> Data records
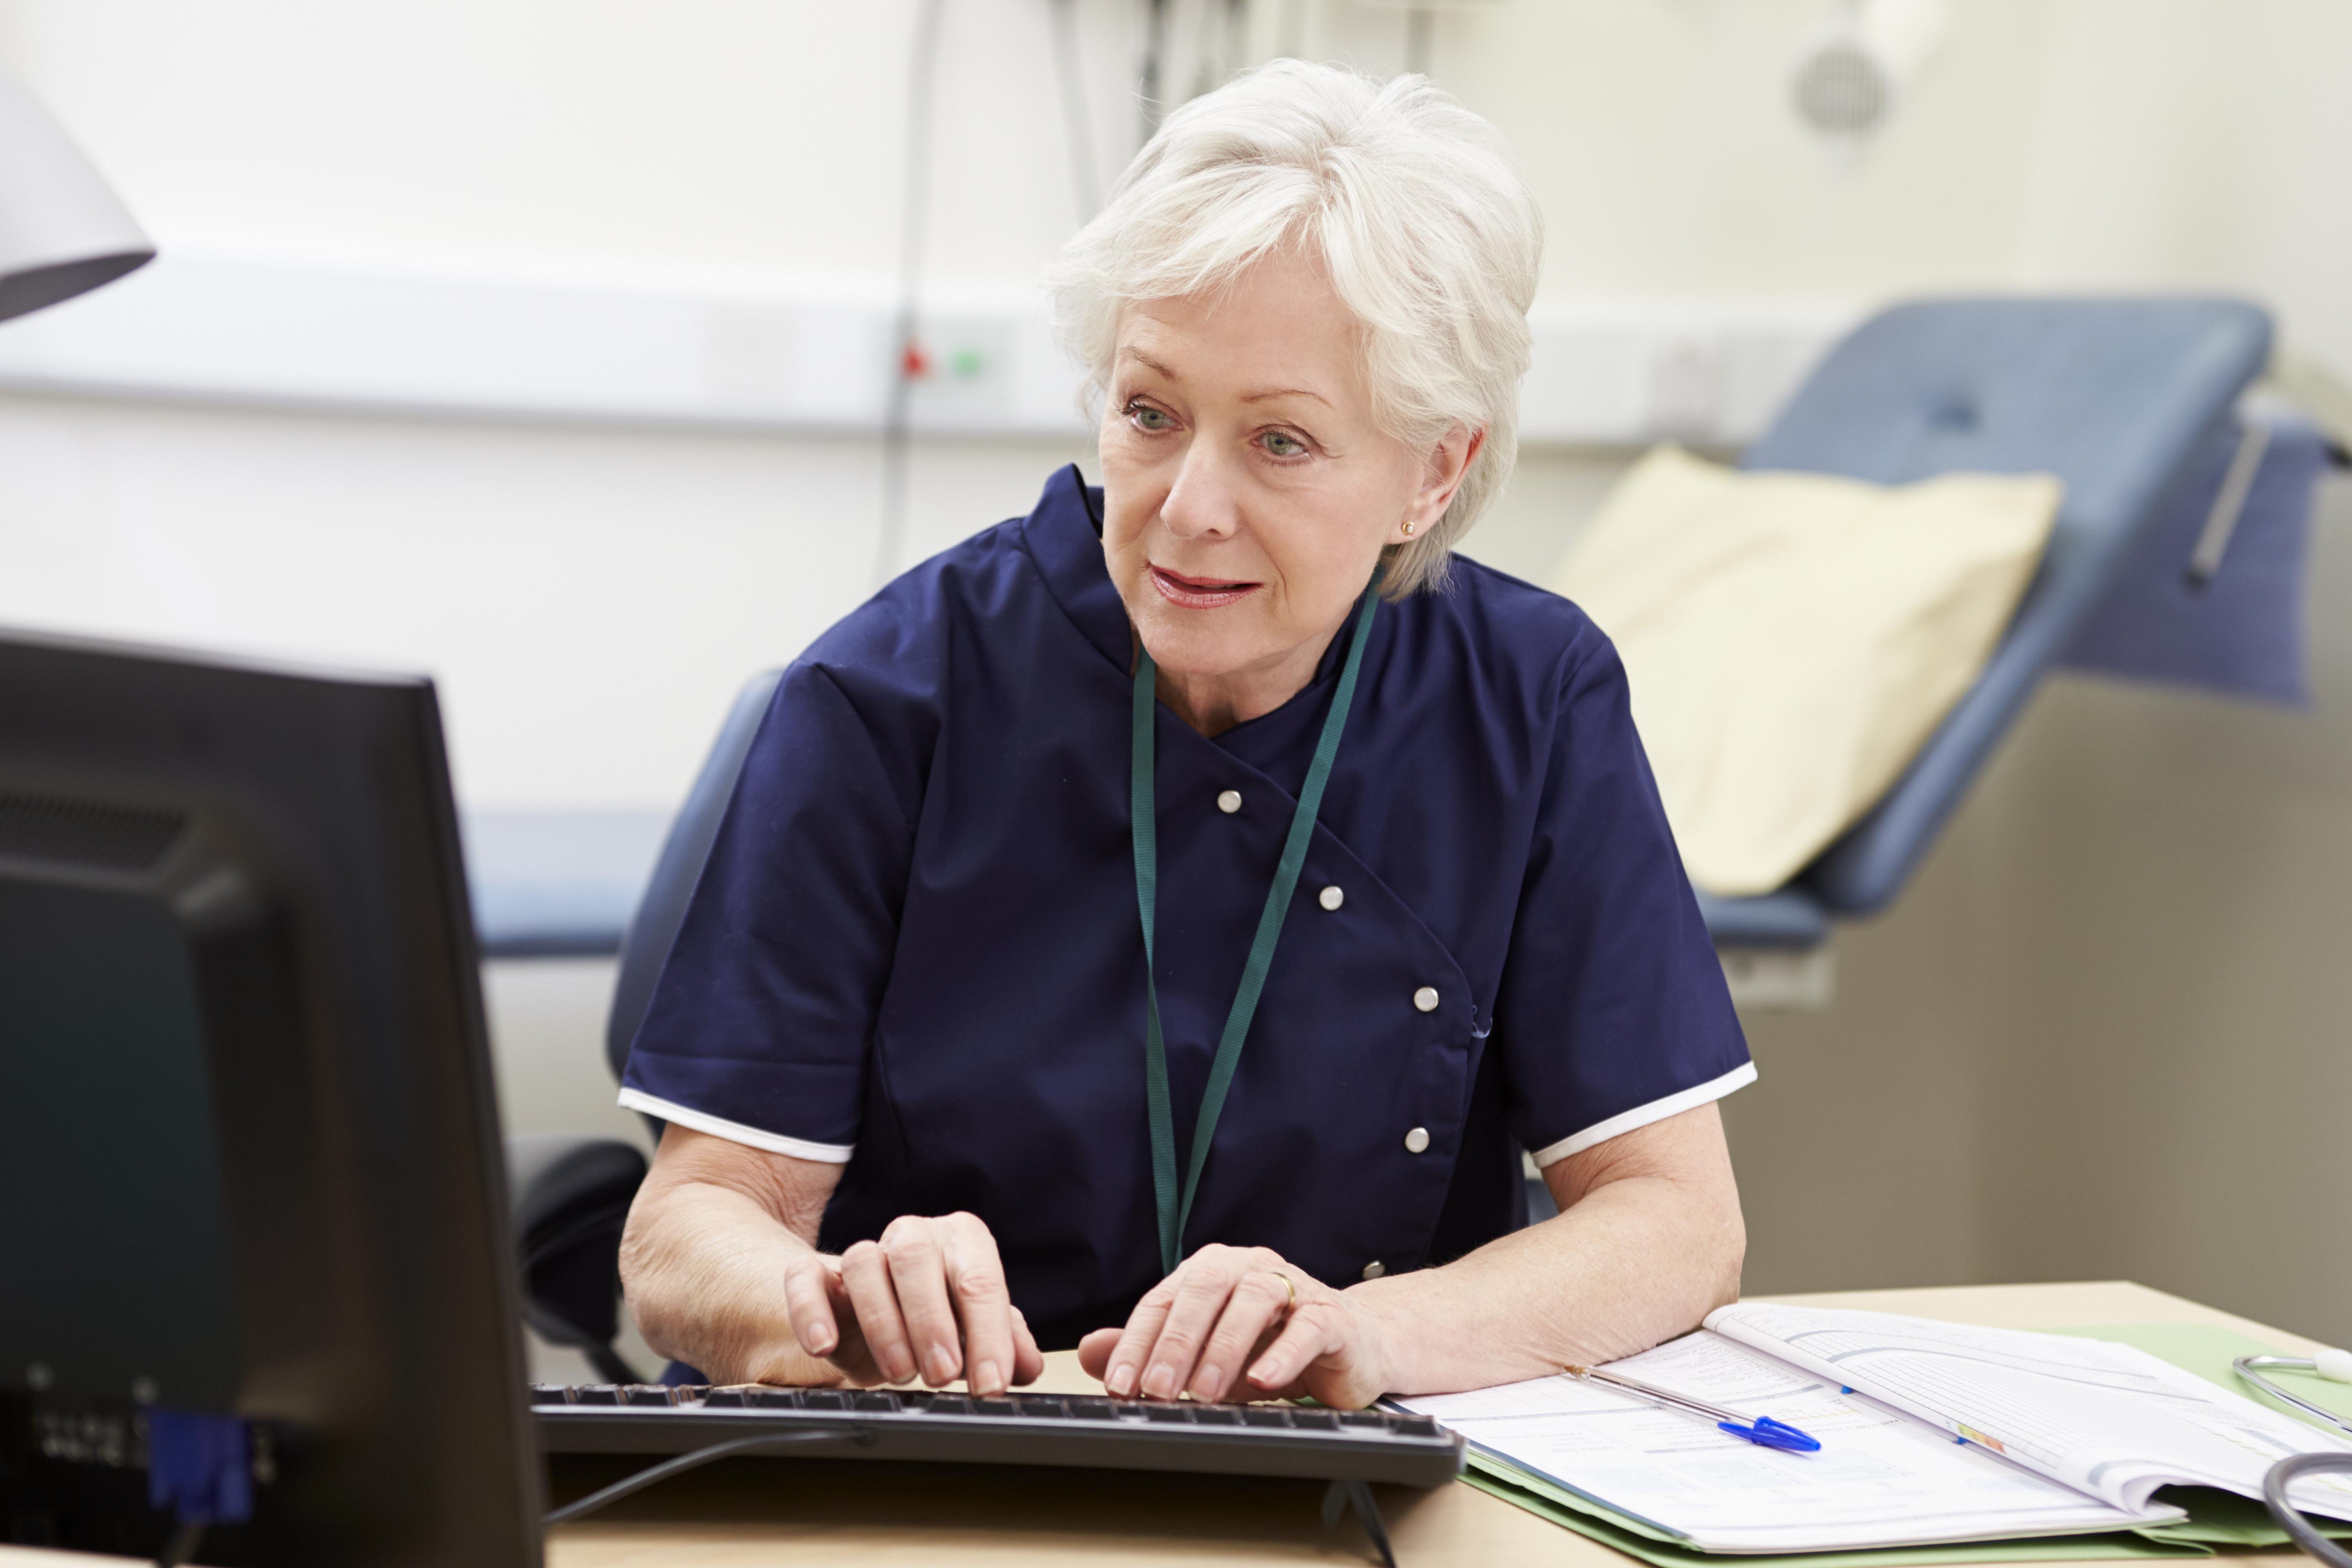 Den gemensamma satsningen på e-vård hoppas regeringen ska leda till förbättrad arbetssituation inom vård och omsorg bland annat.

---

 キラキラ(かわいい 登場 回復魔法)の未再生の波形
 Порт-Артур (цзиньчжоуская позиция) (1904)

> Work to complete
From the material above, set down exactly the lines starting at the one with "キラキラ(かわいい 登場 回復魔法)の未再生の波形" and ending at the one with "Порт-Артур (цзиньчжоуская позиция) (1904)", end lines included.

> Finished exercise
 キラキラ(かわいい 登場 回復魔法)の未再生の波形
 Порт-Артур (цзиньчжоуская позиция) (1904)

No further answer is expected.